INSTRUCTIONS FOR THE TASK: Only lines containing the word "excellent" are needed; pull them out of the material.

=== INFORMATION SHOWN ===

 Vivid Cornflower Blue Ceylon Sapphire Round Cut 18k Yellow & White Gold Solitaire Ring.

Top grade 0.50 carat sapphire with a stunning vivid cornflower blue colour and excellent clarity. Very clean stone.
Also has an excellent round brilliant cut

===
=== INFORMATION SHOWN ===

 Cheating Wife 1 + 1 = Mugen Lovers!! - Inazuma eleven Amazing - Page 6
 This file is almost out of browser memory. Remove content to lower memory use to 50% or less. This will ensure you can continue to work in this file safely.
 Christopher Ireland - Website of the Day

===

SOLUTION TO THE EXERCISE:
Top grade 0.50 carat sapphire with a stunning vivid cornflower blue colour and excellent clarity. Very clean stone.
Also has an excellent round brilliant cut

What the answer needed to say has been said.